For TCI's north-central region, which serves 18
colleges and universities -- including the 42,000-student Michigan State University --
intensive marketing to students is an everyday affair, said Scott Sobel, regional director
of communications.
"We use sign-up fairs, advertising on university
channels, direct mail, door-to-door -- whatever variations we can think of. These are
valued clients. We afford them the same respect and the same attention as we do everybody
else. In marketing to universities, you have an educated, savvy, younger population
that's very attracted to the cable industry and that's all in one place,"
Sobel said.
NEW SERVICES
TO STUDENTS
New services are also playing a part in operators'
determination to keep their campus customers. MediaOne is exploring the possibility of
offering its MediaOne Express high-speed-data service to Michigan and Eastern Michigan
personnel who live off campus, while InterMedia is talking with Vanderbilt University
about bulk @Home Network cable-modem service -- even though Vanderbilt rejects video
services for its dorms.
Like it or not, cable operators are showing new flexibility
in meeting university needs, as operators that insist on nothing but standard bulk
packages could find themselves on the outside looking in.
In western Pennsylvania, TCI of Pennsylvania serves 13
institutions in and around Pittsburgh, but fewer than one-half through bulk arrangements.
And the operator realizes that it needs to remain flexible in the face of competition.
Geneva College in Beaver Falls, Pa., asked TCI of
Pennsylvania to trap out MTV: Music Television and to provide premium services to graduate
students only, and the University of Pittsburgh asked the operator to add Black
Entertainment Television to its package. TCI complied in both cases.

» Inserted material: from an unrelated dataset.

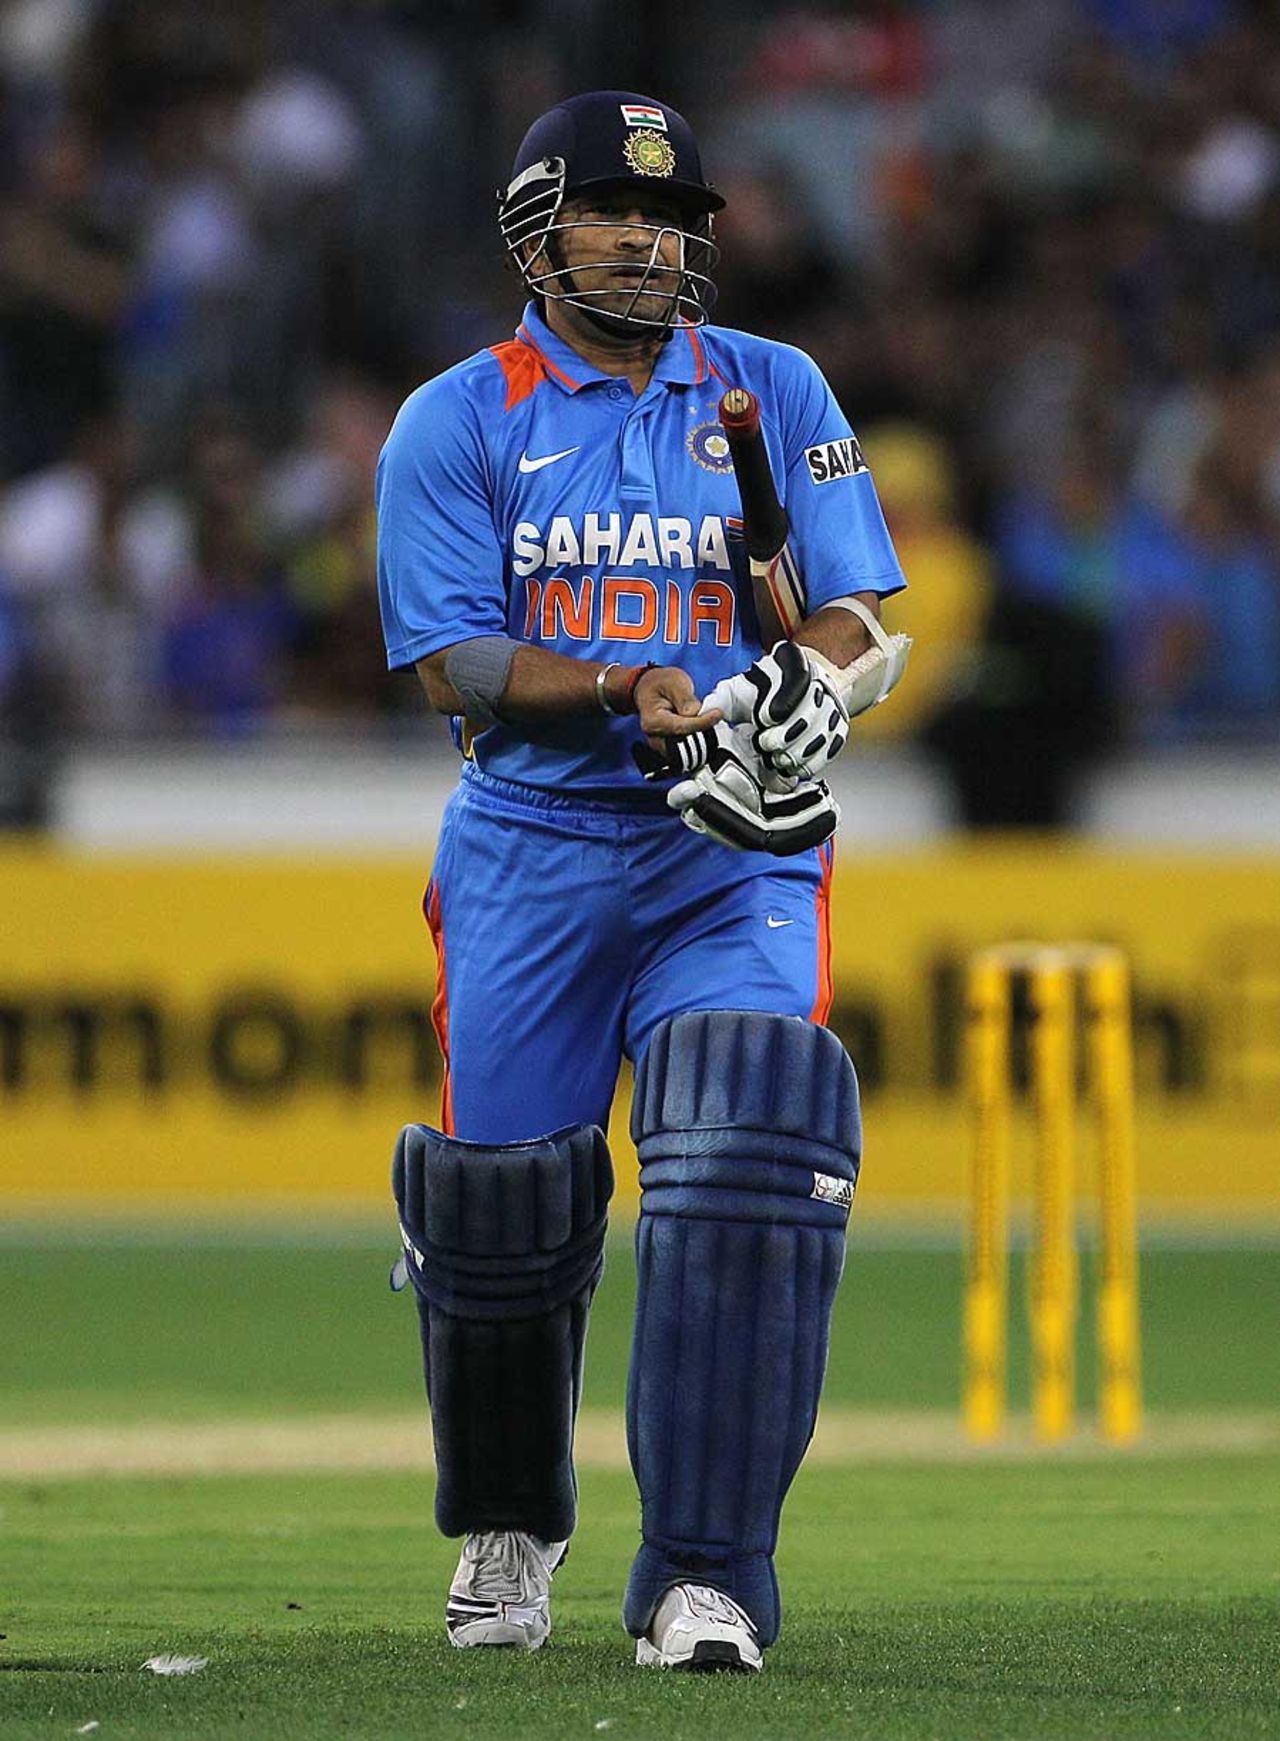 Sachin Tendulkar fell for 2, Australia v India, CB Series, 1st ODI, Melbourne, February 5, 2012
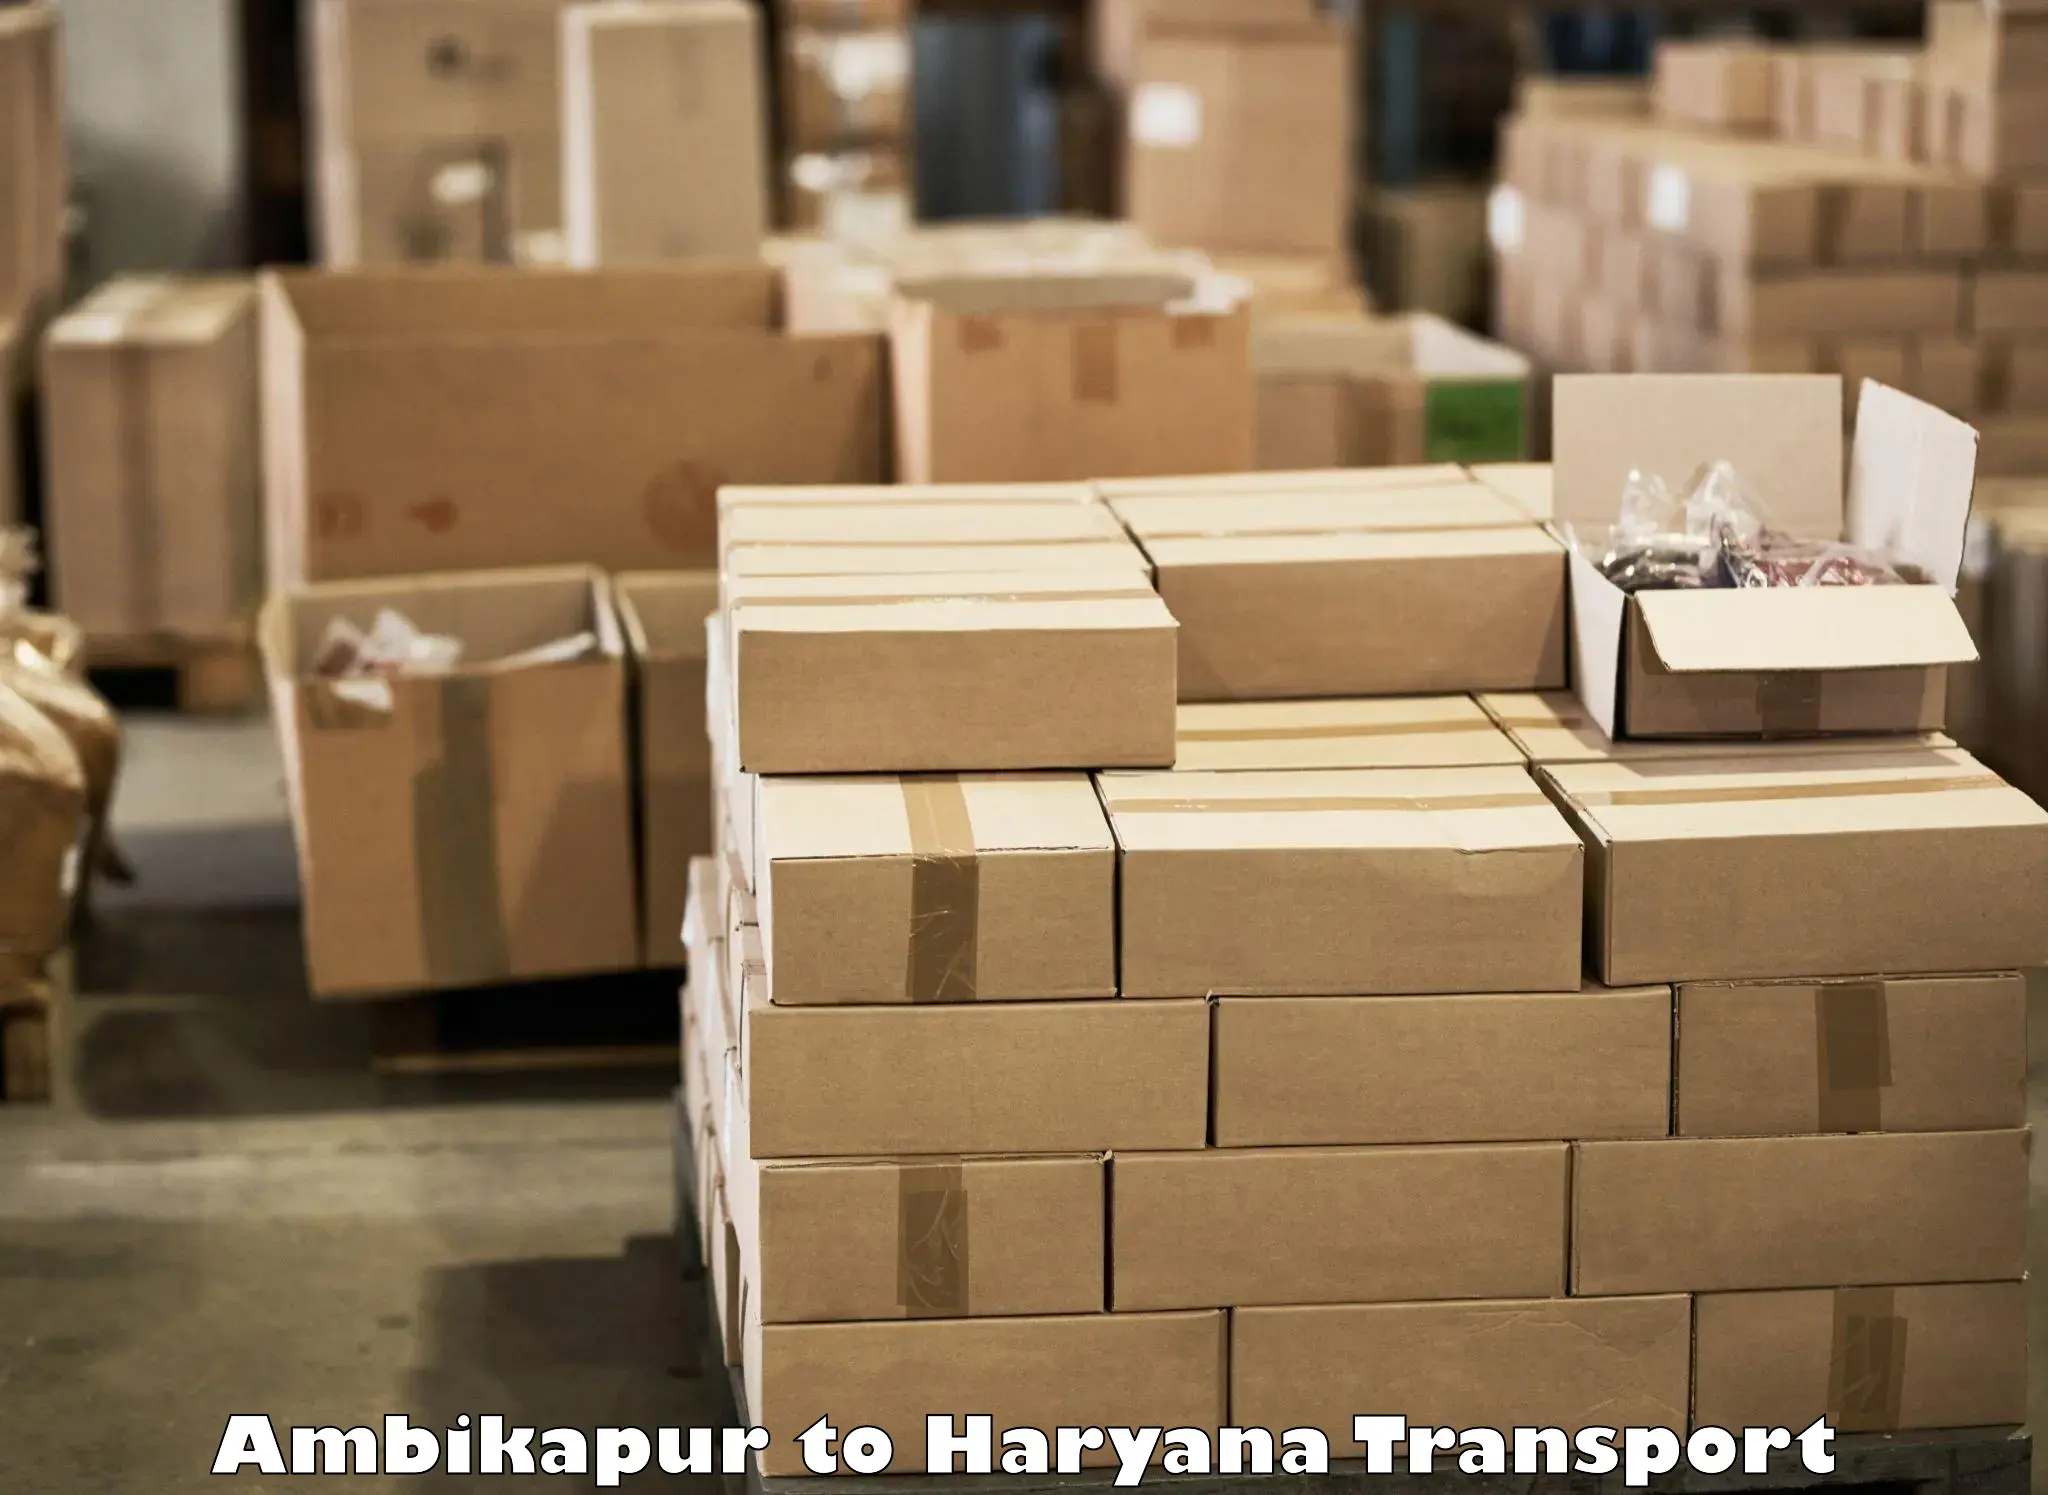 Bike shipping service Ambikapur to Chaudhary Charan Singh Haryana Agricultural University Hisar

In a program that was just implemented, TCI of Pennsylvania
is teaming up with HBO to transform the challenge of converter retrieval into a pleasant
experience for all. Now, students who turn in their converters promptly will receive
"HBO on Campus" T-shirts.
"We have to be flexible," said Devon George, the
company's customer-service manager for sales and products. "We need to be
flexible to compete."
NOTHING FOR GRANTED
Finally, operators are finding that one of the best ways to
reinforce their campus relationships is through partnerships.
Robert Morris College, a business-focused institution with
a campus near Coraopolis, Pa., west of Pittsburgh, has had cable in its dorms for about 30
years, but Donna Gruseck, general manager of Time Warner in Coraopolis, isn't taking
anything for granted. The company provides a Robert Morris-programmed channel seen
throughout the 16,500-subscriber Coraopolis system; it purchases RMC basketball tickets
that it distributes to customers; and it has helped the college to complete the wiring for
a separate coaxial loop that will feed information kiosks throughout the campus.
"We also take student surveys to see which channels
they'd like to have," Gruseck said. "We added CNBC and Fox Sports
[Pittsburgh] based on their input."
Time spent on such partnerships can be significant, but,
according to Sobel, it's the most important element in success on today's
campuses.
Sobel said, "We're involved in many charitable
events with Michigan State. Their communications classes use our facilities. We provide
them with two channels for their use, tours for their classes and Cable in the Classroom.
With clustering, it's imperative that you have good relationships with your colleges
and universities. It's what we're offering over and above the product. These are
symbiotic relationships that have to be nurtured."